Sen. Ron Wyden last week said it is important for 
local citizens to get behind gang prevention 
programs that stand to be cut in the federal budget.

“The last stop that we made last night in the 
community, I believe it was at the market at the 
corner of 18th and Dekum, and a fellow came up 
and he was wearing colors, and there wasn’t much 
question in my mind that he was a gang member,” 
Wyden said. “And he said, Senator, if you’re 
serious about getting at this you’ve got to reach 
the kids. You’ve got to reach the kids that are four, five, six, seven.

“He basically said because by the time they’re 
10, you’re playing catch-up ball,” Wyden 
continued. “So in this community we’re going to 
have to marshall all our resources, federal, 
state, and local, to deal with this.”

One that’s on the chopping block is the Gang 
Resistance Education and Training Program, a 
model community policing institution that sends 
police officers into schools to work with young 
people and build positive relationships one-on-one.
GREAT also sponsors family events and parenting 
classes between law enforcement and immigrant 
Hispanic and Somali families in the Cully neighborhood.

The program’s national funding is being slashed 
from $25 million a few years ago to $10 million in next year’s federal budget.

Meanwhile, alleged Christmas bomber Mohamed 
Mohamud, who was born in Somalia, is scheduled 
for a ‘status and scheduling hearing’ May 23, 
after Judge Garr King in January rejected 
prosecutors’ efforts to schedule the teen’s 
terrorism trial for February of 2012.

Mohamud’s attorneys are expected to argue the 
former Oregon State University student was 
entrapped by FBI agents.
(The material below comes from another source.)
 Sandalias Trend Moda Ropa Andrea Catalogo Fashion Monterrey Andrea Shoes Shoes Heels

He has pled not guilty in the case.

The City of Portland’s vote on the JTTF came 
after almost a decade of non-participation on the 
grounds that Oregon law forbids intelligence 
gathering on individuals not suspected of a crime.
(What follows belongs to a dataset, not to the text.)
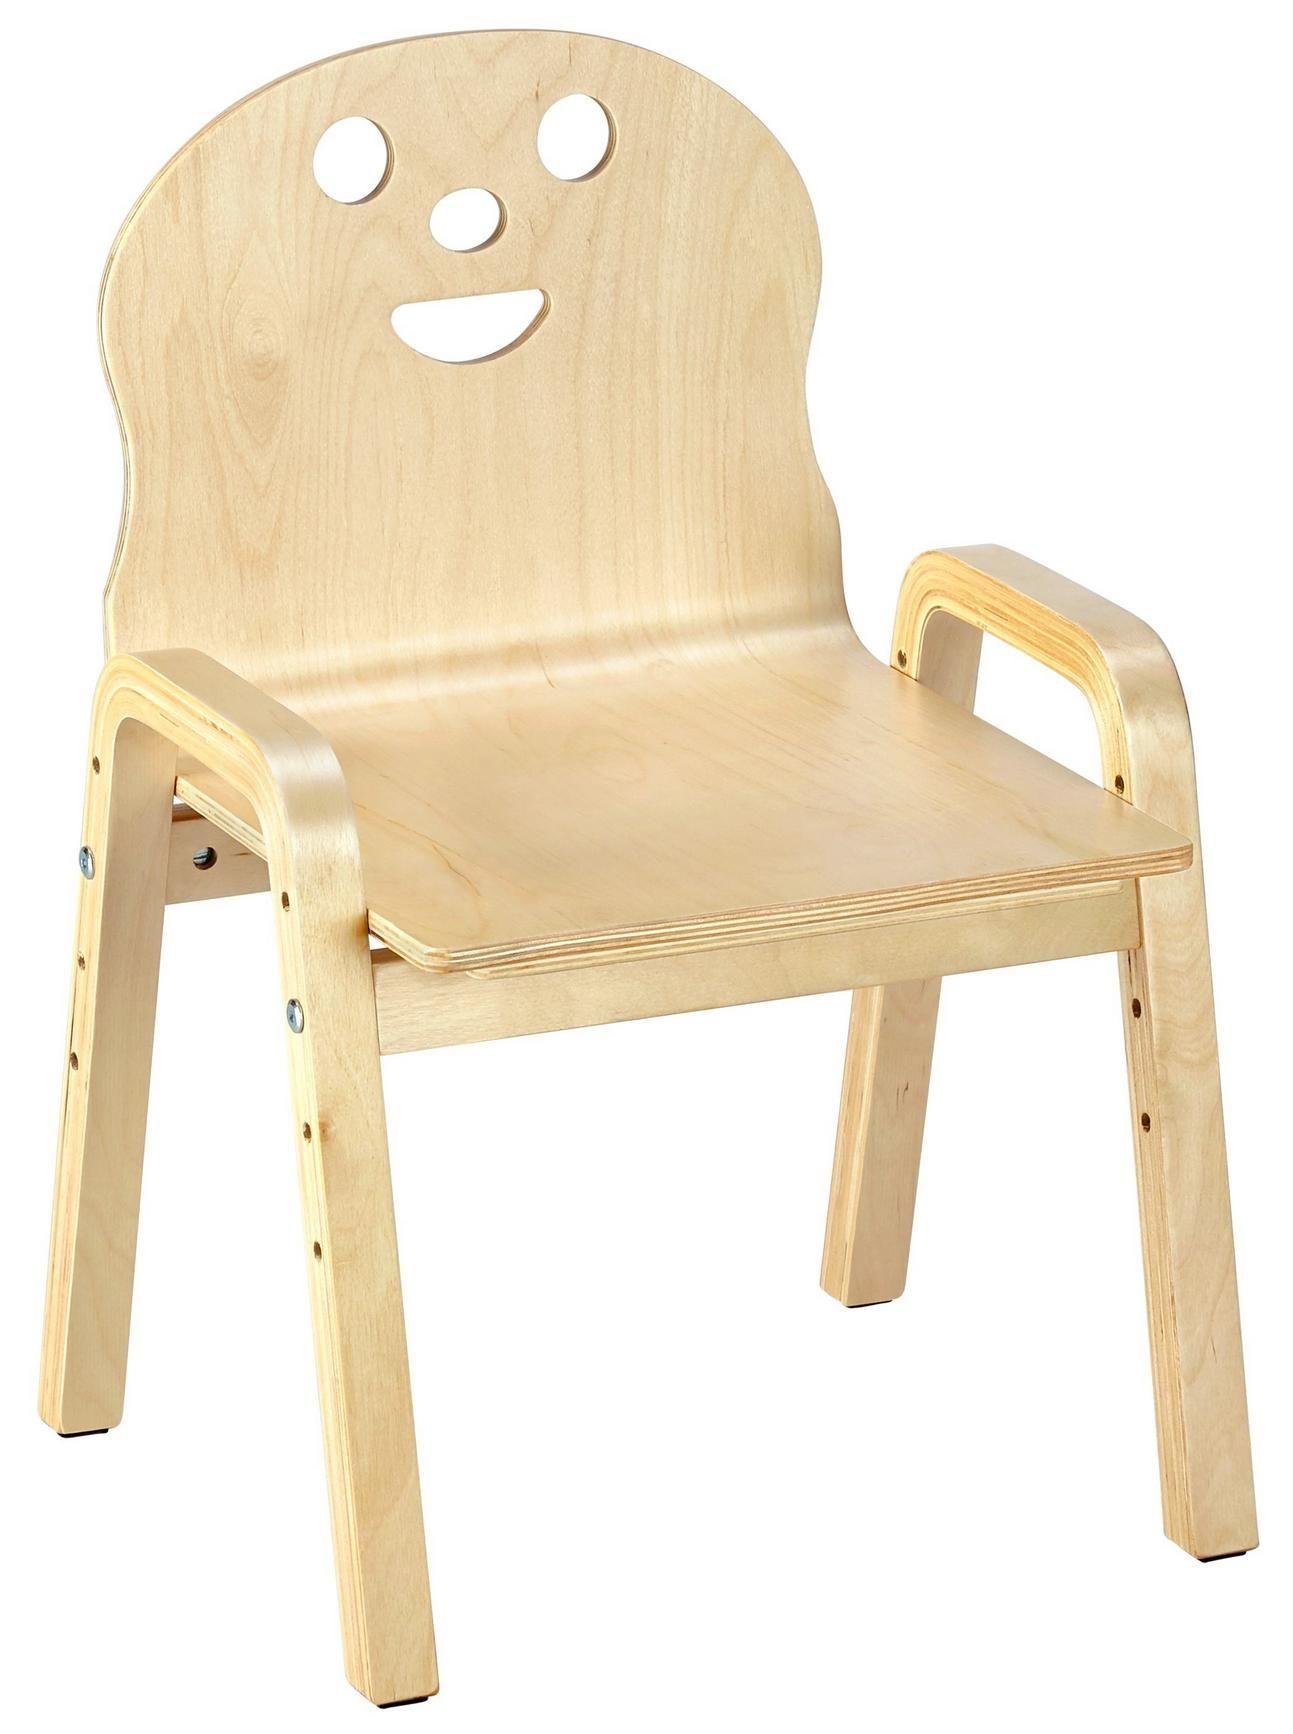 Kinderstuhl In Birkefarben Sunny Stuhle Haus Deko Und Birke Holz

The vote last week came after dozens of rewrites 
of the proposed guidelines for participation.

“The strong link – they had to have that young 
brother supposedly plotting to blow up the 
Christmas tree, and that was really at the heart 
of the talk that really in my opinion swayed some 
in the city of Portland to go this route,” Muhammad said.

The New York Times poked gentle fun of the final 
agreement as being “very Portland” for adding 
“inclusivity” language and being so filled with 
euphemisms that attorney Brandon Mayfield couldn’t understand it.

Mayfield is a Muslim lawyer who briefly 
represented the Portland Seven during their 
terrorism trial. His life was interrupted in 2004 
when a lone FBI agent in Portland wrongfully 
determined his fingerprints were found at the scene of a bombing in Madrid.

After an odyssey of surveillance of his family, 
intimidation, jail, and then a long legal 
process, Mayfield was exonerated and won a $2 
million settlement from the federal government.